Mom makes emotional plea to parents after daughter is stillborn

Days after giving birth to a stillborn baby, Natalie Morgan made a tough decision to share her story with the world.

"This is my plea," she wrote in a Facebook post which has since gone viral, addressing friends and readers with babies of their own. "There will be sleepless nights, multiple diaper changes in a matter of minutes, spit up in your hair.... Every time that happens, every time you feel frustrated and want to run away, please remember my story."

On September 11, at around 11:30 p.m., Morgan and her husband, Brian, who live in Orlando, Florida, said their final goodbyes to their beautiful newborn daughter, Eleanor Josephine.

The night before, Morgan said her daughter was "kicking away." When she woke up, the baby wasn't moving.

Morgan used a fetal Doppler to search for a heartbeat, but she couldn't find one.

"I knew. I just knew. I didn't want to know," Morgan wrote. "I wanted to be mistaken, but I knew."

At a hospital, Morgan lay down as nurses used an ultrasound to search for signs of life.

Shortly after exchanging nervous glances, the doctor turned to Morgan and her husband: "'I'm sorry...there's nothing there," Morgan recalled.

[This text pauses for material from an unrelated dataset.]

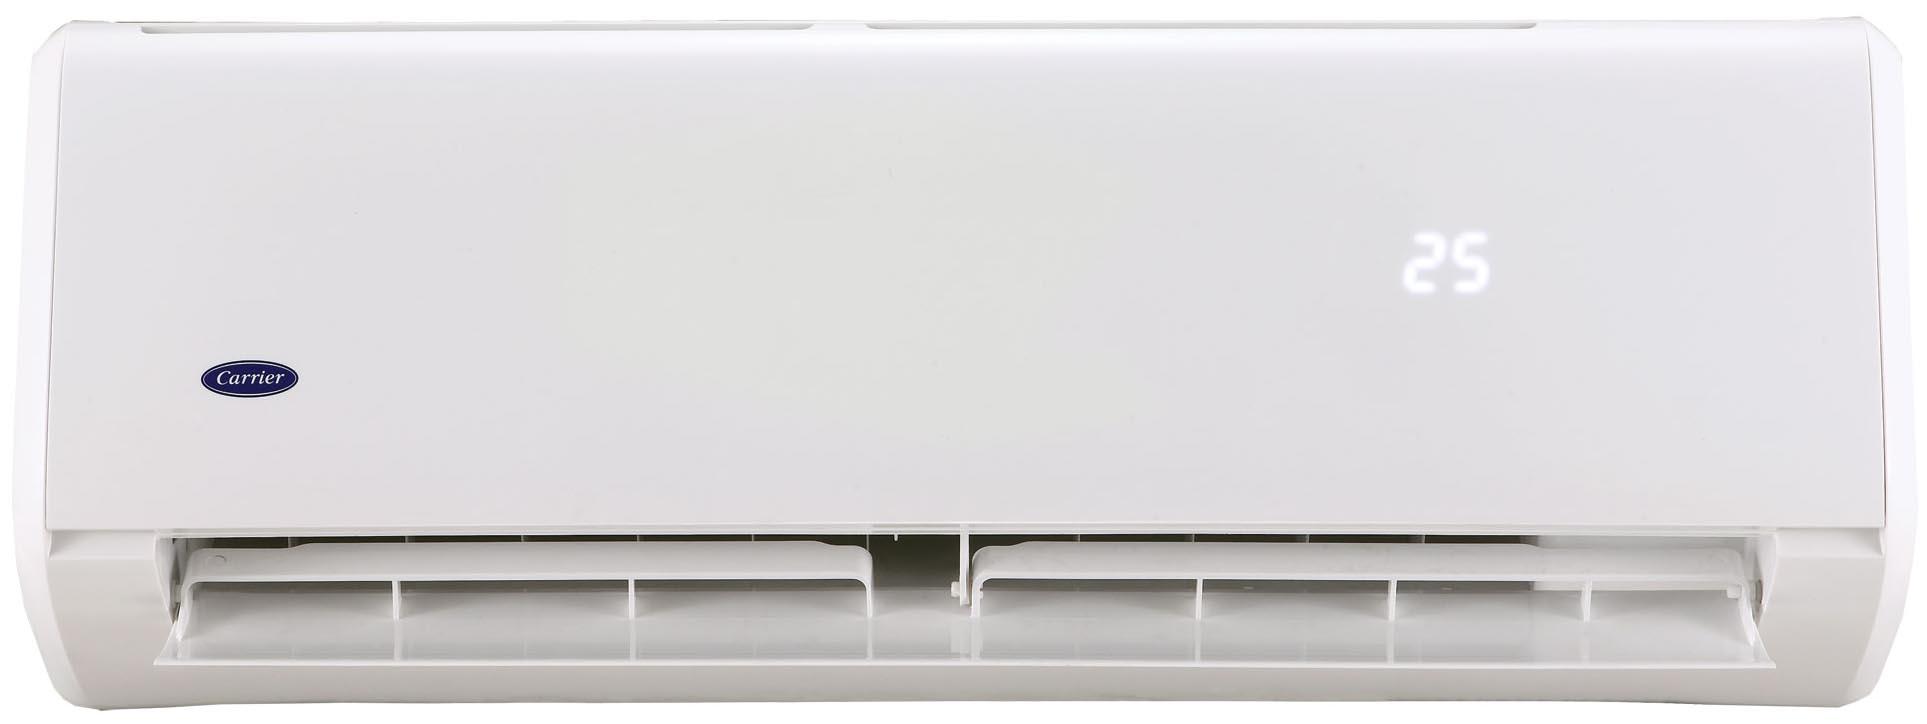 Carrier 42QHC024DS / 38QHC024DS серии Crystal Inverter

Natalie Morgan kisses her daughter, Eleanor Josephine, on Sept. 11, 2015. Now I Lay Me Down to Sleep/Michelle Ugalde

Hours later, Morgan was induced. She had unbearable contractions, underwent hours of painful labor and finally, she delivered her daughter.

"She was placed on my chest - gorgeous, but lifeless," Morgan described in her post. "There was no reason to expect that first little cry from her. Instead, it was me who sobbed."

Hundreds of photos were taken over the course of the next six hours the family spent together. A photographer from Now I Lay Me Down to Sleep, a nonprofit organization that provides families of babies who are stillborn or are at risk of dying as newborns with free professional portraits with their baby, stopped by to take some.

CEO of Now I Lay Me Down to Sleep, Gina Harris, told CBS News the photographs help the healing process.

Having lost two baby boys at birth, Harris speaks from experience. Her children, David and Ethan, were born less than a year apart.

Now Harris can look back on photos of her son, David -- unfortunately, she doesn't have photos of Ethan -- and see him how he was.

"When you lose a baby, that time in a hospital goes by so very quickly," Harris explained. "It would have been difficult for us to remember exactly what he looks like."

Like Harris, Morgan cherishes the photos.

"They are not gruesome, they are not offensive, they are not graphic, nor are they violent," she said in a follow-up post on Facebook. "They are real life, in all its beauty and agony."

When babies are stillborn, parents don't get a birth certificate; we get a death certificate, Harris said.

"There isn't a proof of existence -- having a photo shows they were real," she continued.

Harris thanked Morgan for her bravery in sharing her story and photos and encourages others to do the same.

"You don't hear about it until it happens to you," Harris said. "It's a tough subject, babies aren't supposed to die, but it's something people are finally talking about."

At the conclusion of her viral plea to parents, Morgan asked that people remember her sweet Eleanor Josephine:

"All I ask of you is when you have your dark moments with your baby - when you're at your wits' end and feel like you can't go on anymore when you're only getting an hour or two of sleep a night - instead of begging your child to go to sleep and being swallowed up in your frustration and exhaustion, find the tiniest bit of strength within you to keep going, and say a prayer of gratitude for your child, as difficult as it may be in that moment," Morgan wrote.